A moment later two Enkidu slunk sniffing and snuffling into the cavern. They did not see him but by the way they were testing the air, Lem knew they soon would. He unslung Swift's bow, slotted an arrow into its bowstring and waited.

A triumphant boom from the lead Enkidu signaled to the other that he had the scent and they both turned towards him.

Lem let loose the arrow which sped across the cavern embedding its sharp head in the Enkidu's hairless throat.

The creature's bellowing and thrashing covered Lem's dash along the dragon's frozen body to hide beneath its broken wing. His next arrow hit the other Enkidu in the neck but its thick fur saved it. Another three skull-headed creatures entered the cavern.

Outnumbered, Lem made a run for the stream and the chasm, reaching it just as its entrance was blocked by a wall of ice.

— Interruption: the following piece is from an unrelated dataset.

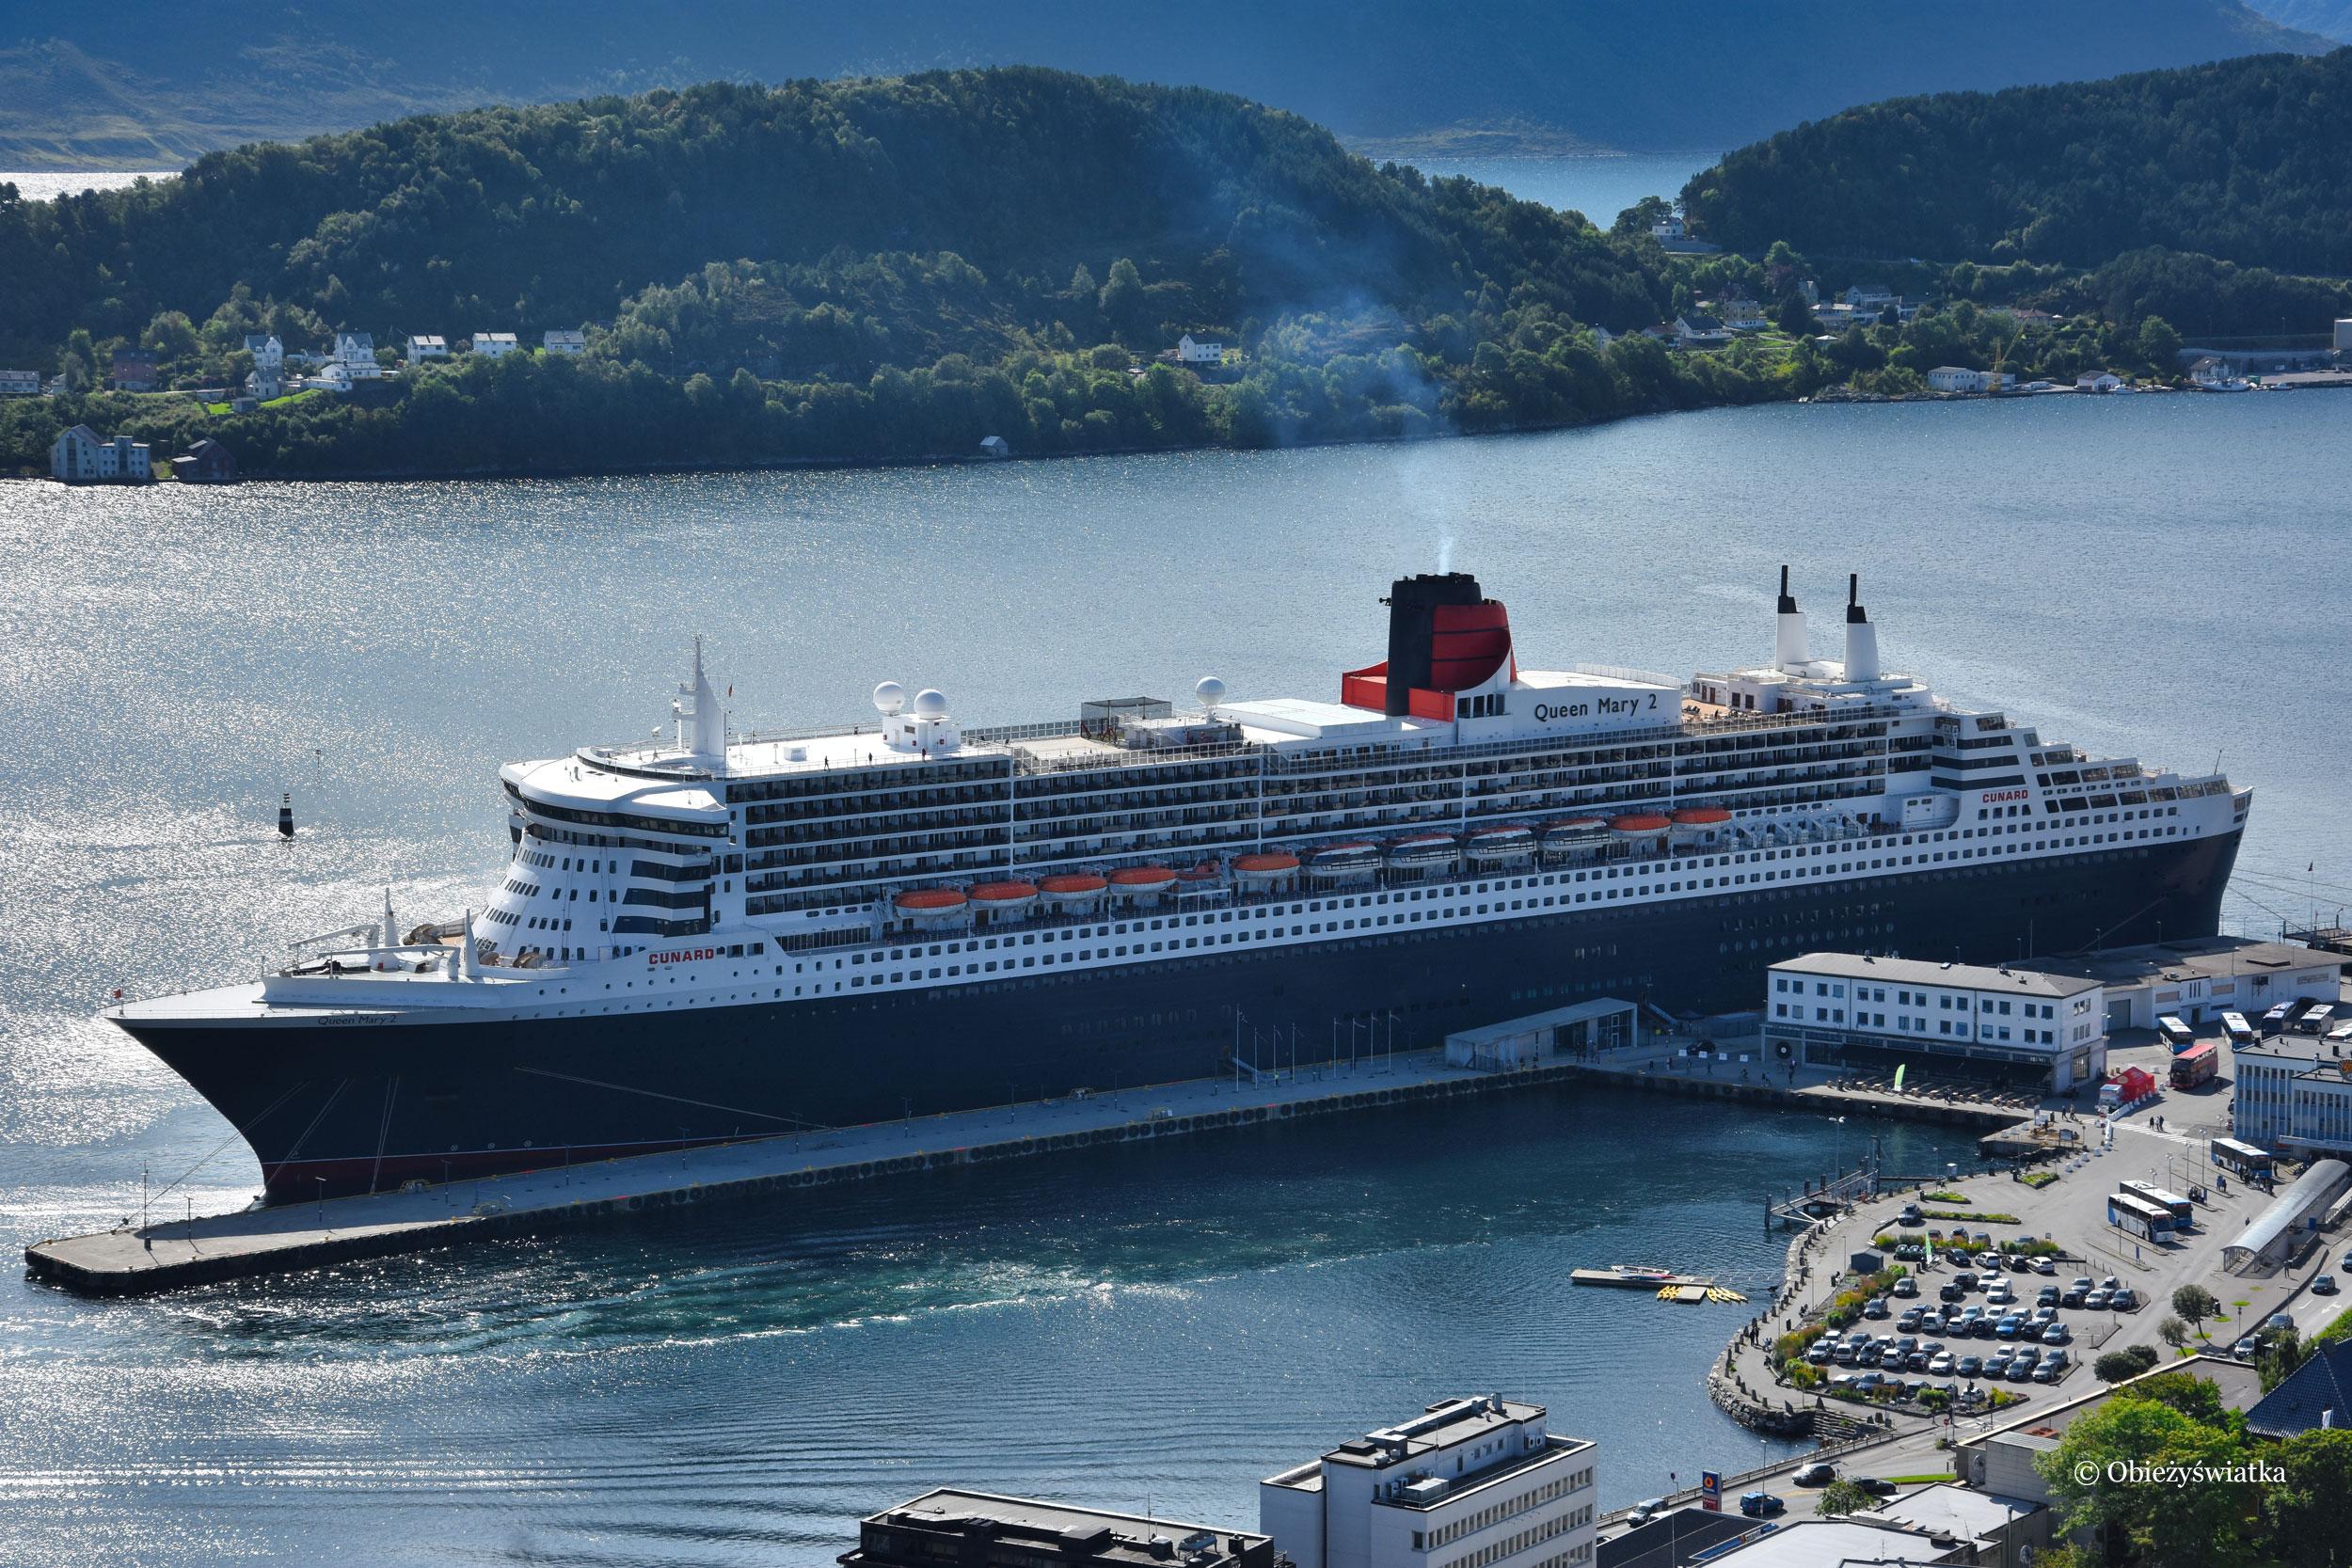 Queen Mary 2 w porcie Alesund, Norwegia 2017

He felt for the snapdragon buds in his pocket, and threw a handful at the wall which shattered.

He leapt through just as a snarling Lord Shamash bounded past him. The blue-eyed wolf attacked the lead Enkidu, giving Lem time to fit another arrow into his bow. This one pierced the Enkidu's eye causing it to stagger backwards into a second Enkidu which tripped up a third.

`Run!' Lord Shamash ordered. `Take any tunnel to the left. The Enkidu will not follow you onto the glacier. Daylight hurts their eyes. Find your friends. And keep them out of the seagull caves; they do not all have dead ends.'

`Thank you,' Lem said, and then sprinted along a narrow tunnel. Somewhere behind him he could hear the Enkidu galloping along the same tunnel. Their hollow booming and angry grunts made his heart beat so fast he thought it would burst from his heaving chest.

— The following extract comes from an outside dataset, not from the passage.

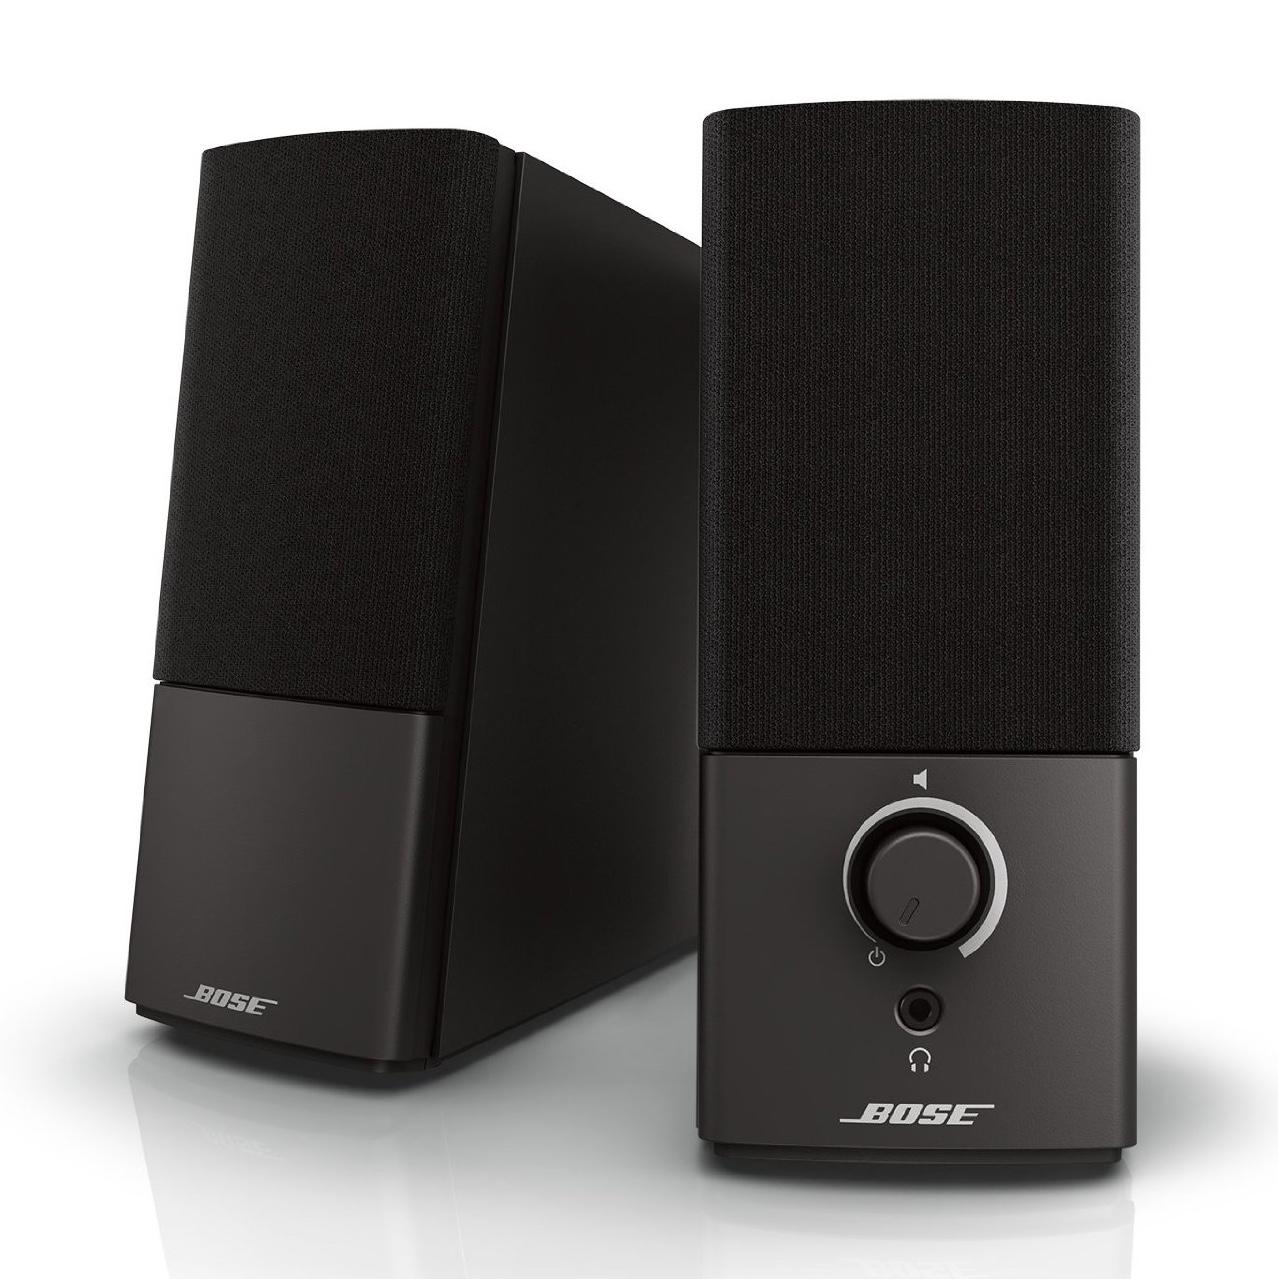 Bose Car Audio Speakers >> 15 Best Desktop Computer Speakers in 2017 - Reviews of PC Speakers for Computers

Then he saw the ice pyramid which had formed from the tiny specks of ice falling through a crack so high up it looked like a pin prick in the glacier above.

He skidded to a halt and began digging into the side of the pyramid. His hands were soon numb but he kept burrowing. He then rolled into the hole and scraped ice across the opening, leaving enough space to breathe through. He clutched Chad's bow and arrows, and his bag with the precious dragon's scale inside. He hoped the Enkidu wouldn't smell him, or see him through the ice, and wouldn't hear his heartbeat.

Seconds later three male Enkidu lumbered past without giving the snow pyramid a second glance. Lem stayed hidden as long as his freezing body could stand it, then he burrowed out again.